Three-and-a-half hours north of Las Vegas, in a rocky, desolate stretch of Nevada desert, an innovative solar-storage plant has nearly completed a year of commercial operations. It also may have delivered proof of round-the-clock dispatchable solar energy.

The Crescent Dunes Solar Energy Project, a concentrating solar power (CSP) plant built by Santa Monica, Calif.–based SolarReserve outside Tonopah, Nev., shares a lot of similarities with other solar-tower CSP plants like Ivanpah (POWER’s 2014 Plant of the Year). Just over 10,000 billboard-sized heliostats, each about 1,200 square feet, focus sunlight on a central receiver at the top of a 640-foot tower. The plant uses the heat collected to generate steam and drive a turbine generator.
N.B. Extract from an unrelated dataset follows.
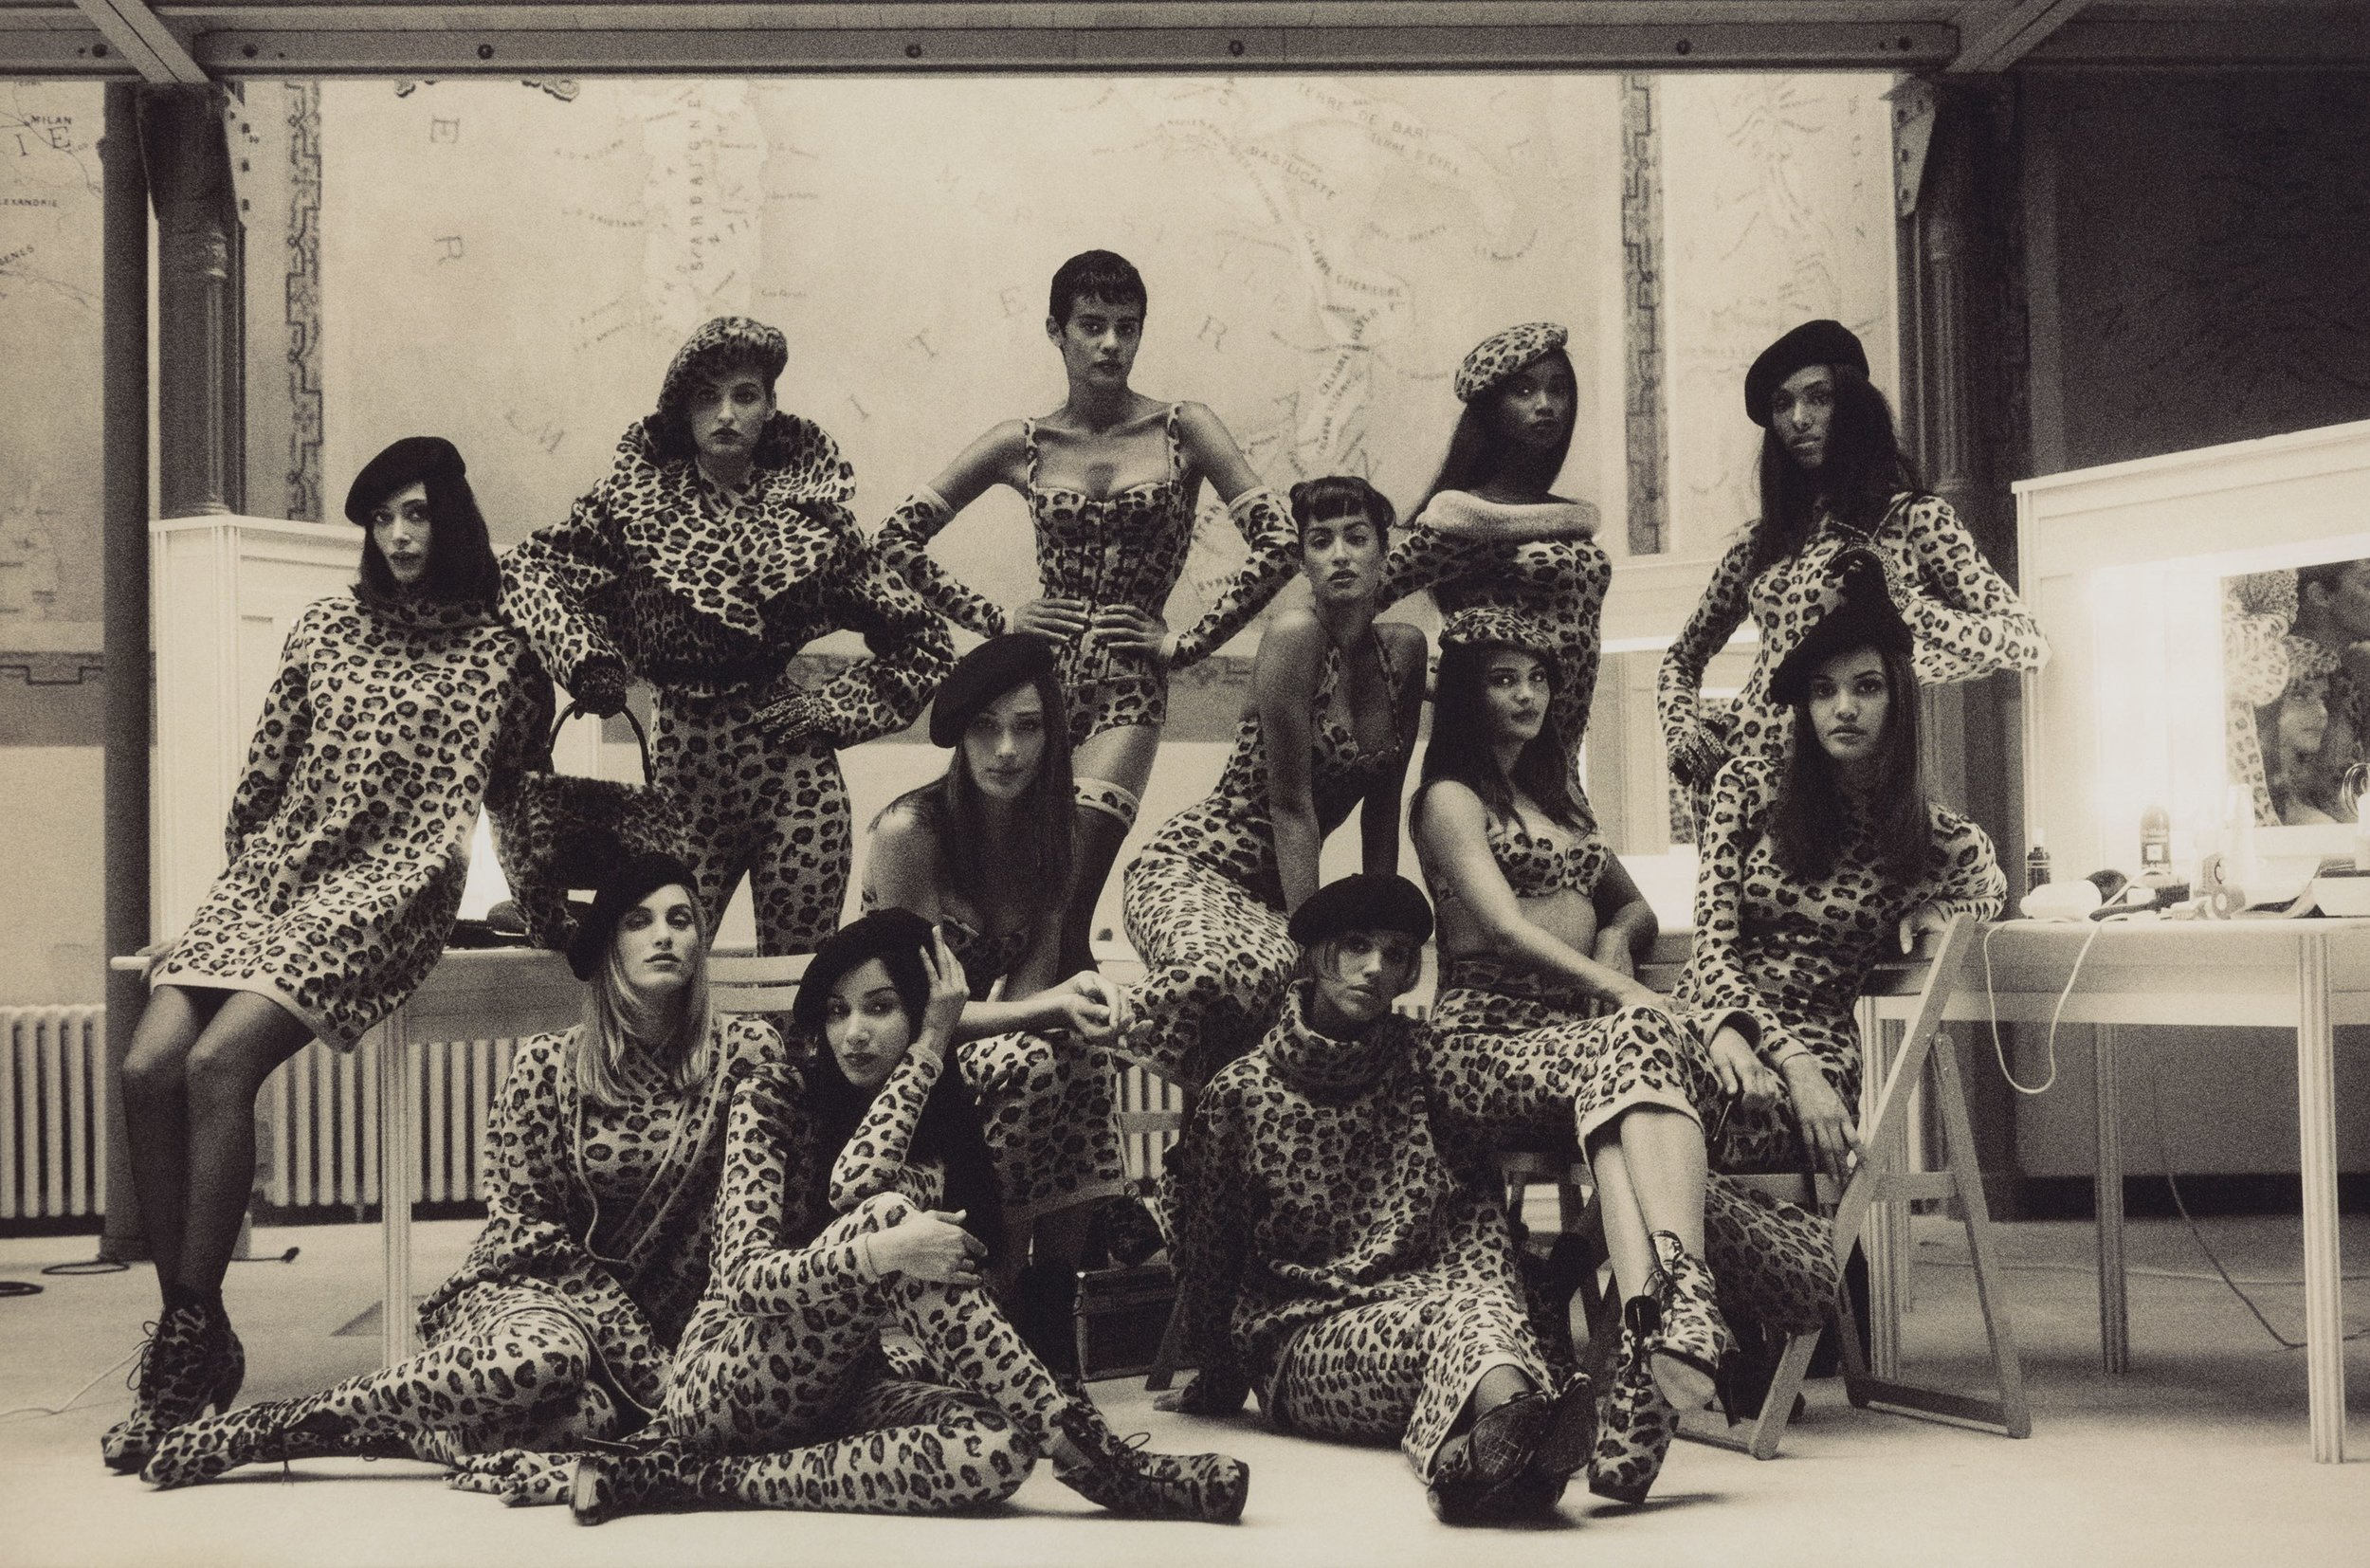 Photograph by Jean-Baptiste Mondino for Vogue,November 1991

CSP is a straightforward and fairly well understood technology that’s been around for more than a decade. The first utility-scale CSP plant came online in 2008, and several dozen of them are in operation around the world, mostly in Spain. Crescent Dunes isn’t the largest CSP plant by any means—at 110 MW, it’s less than a third the size of Ivanpah, the current leader.

What sets Crescent Dunes apart from its predecessors is that it incorporates 10 hours of full-power thermal energy storage—a total of 1.1 GWh. In terms of duration, that’s more than earlier CSP-plus-storage plants like the Solana Generating Station in Arizona (a 2014 POWERTop Plant) that store around five to seven hours of generation, and far more than the largest battery projects currently in development, which top out at around 400 MWh. And unlike Solana, which circulates a heat-transfer fluid that is then used to heat molten salt, the receiver at Crescent Dunes heats the salt directly.

The molten salt system circulates the salt from a cold tank, through the solar tower, where it’s heated from 550F to 1,050F, and then to a hot tank (Figure 1). Molten salt from the hot tank is then sent through a Nooter/Eriksen steam generator. The steam is sent through a turbine-generator, then to an air-cooled condenser, and back to the steam generator.

Round the Clock

The plant sells its power to Nevada utility NV Energy under a 25-year power purchase agreement (PPA). Since reaching commercial operations in November 2015, Crescent Dunes has—unlike Ivanpah—quietly exceeded its obligations, delivering 105% of contracted output. The molten salt receiver has achieved 100% availability through 2016, and performance data show that it’s operating 2% above its expected efficiency.